Director Clinical Services, Child and Adolescent Health Services and Kiszko & Anor [2016] FCWA 19

Date: May 30, 2016


Child ordered to undergo cancer treatment

Director Clinical Services, Child and Adolescent Health Services and Kiszko & Anor [2016] FCWA 19


Key Points


The Family Court of Western Australia recently ordered that a six year old boy with a brain tumour undergo chemotherapy treatment after his parents refused to provide consent for him to do so.

The treating doctor at the hospital initiated the application as he was concerned that the parents’ failure to give consent for chemotherapy was not in the child’s best interests.  The medical evidence suggested that if combined chemotherapy and radiotherapy was given there was a 50 – 60% change the child would survive at 5 years.

The parents argued that they did not believe the chemotherapy treatment was in the child’s best interests and said they had moved away from just wanting to delay the decision, to a position of actively rejecting chemotherapy.  The child’s mother said it was her intention to trial alternative therapies focussing on nutrition.

Justice Thackray said the evidence made clear “beyond all doubt” that the child would die within a few months if measures were not taken to prevent his death.  Justice Thackray said he had taken into account the parent’s evidence about the adverse impact on the child over the next few months, but the prospect of a long-term cure was “the matter that most heavily must weight in the decision”.

In March the Family Court ordered that the child receive chemotherapy, and he was subsequently given two cycles of the treatment.  Since then, the child’s cancer has shown signs of receding, however the response is considered partial and not sufficient for chemotherapy to be effective on its own.  The child’s parents are still opposed to radiation therapy due to the long-term side effects, including reduced cognitive ability.  The Family Court is now considering whether the child should also be given radiotherapy, as desired by his medical team.

The Law

The Family Court of Western Australia echoed the comments made in Minister for Health v AS [2004] 29 WAR 517 where it was held that the ultimate question is not whether to respect the parents’ wishes.
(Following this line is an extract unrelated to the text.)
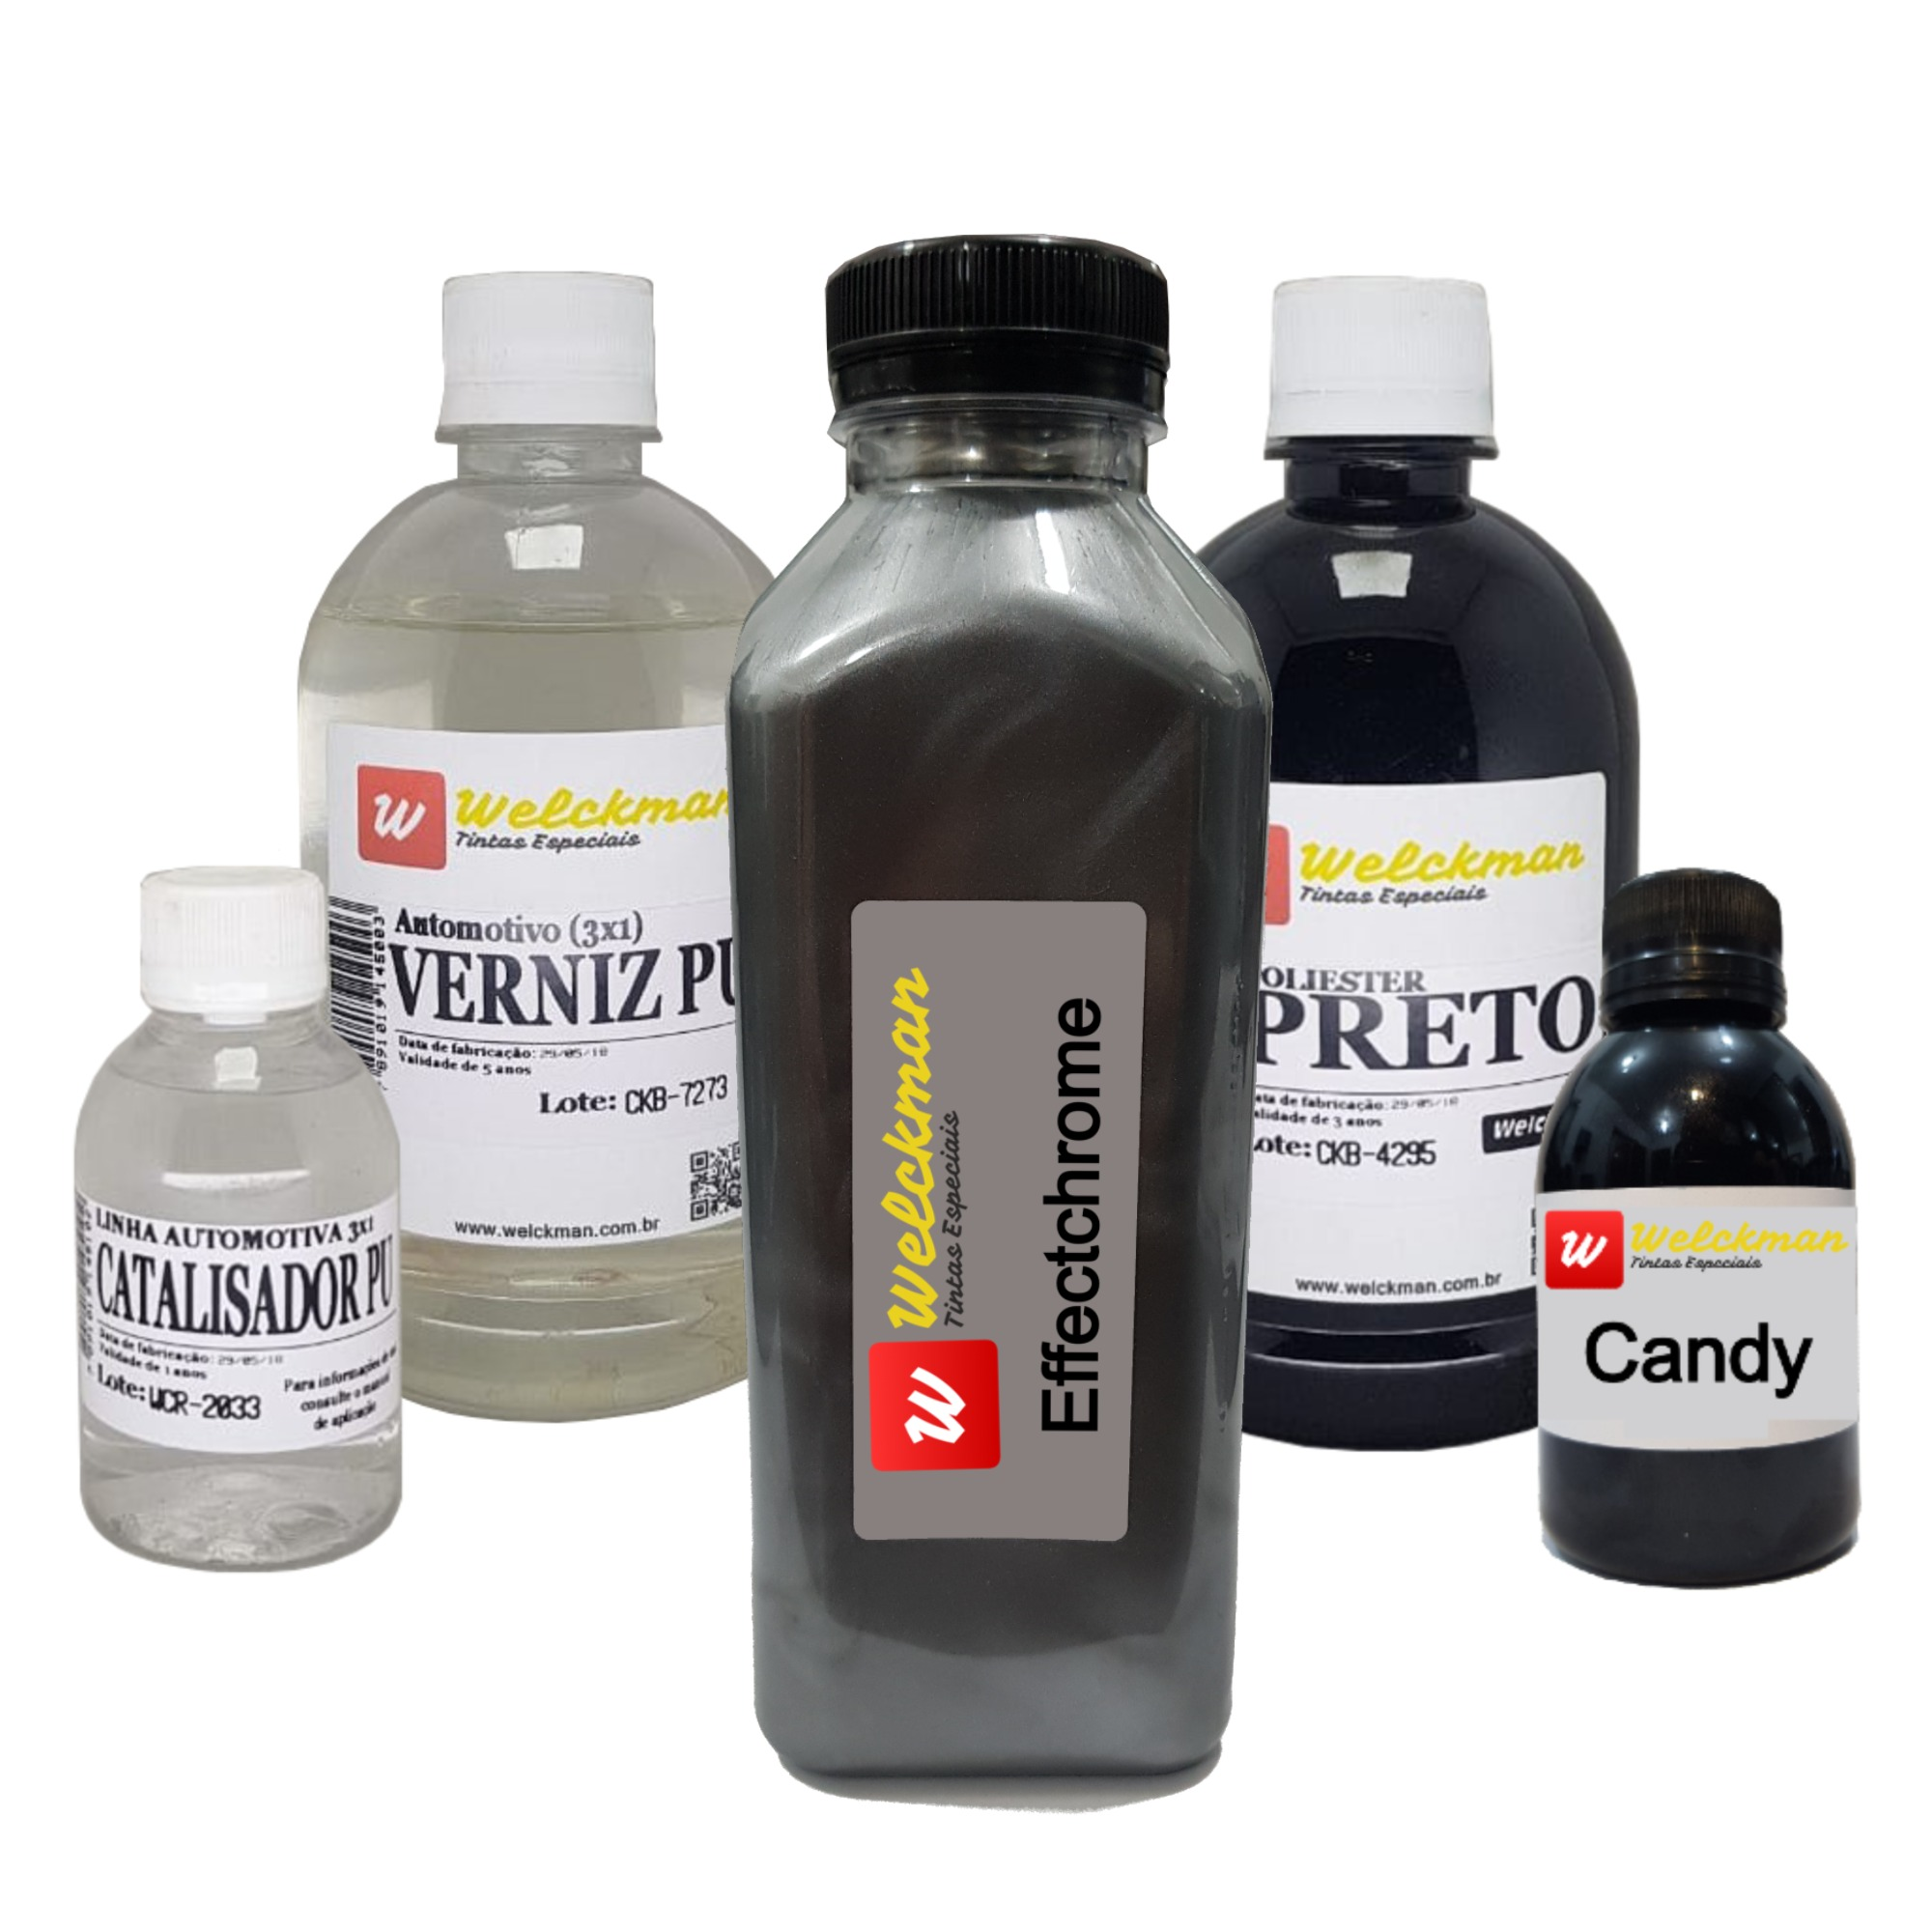 Kit Effectchrome + Base Preta + Verniz PU Alto Sólidos + Candy  - Welckman Tintas

The role of the Court is to exercise an independent and objective judgment and balance the advantages and disadvantages of the treatment being considered.


This is case illustrates the difficulties encountered in circumstances where the opinions of the parents are in direct conflict with the specialists treating a child who has yet to achieve a sufficient understanding and intelligence to understand fully what is proposed.

This case acts as a reminder to practitioners that when it comes to the treatment of those who are unable to provide consent, while the wishes of the guardian may be relevant, they are not determinative.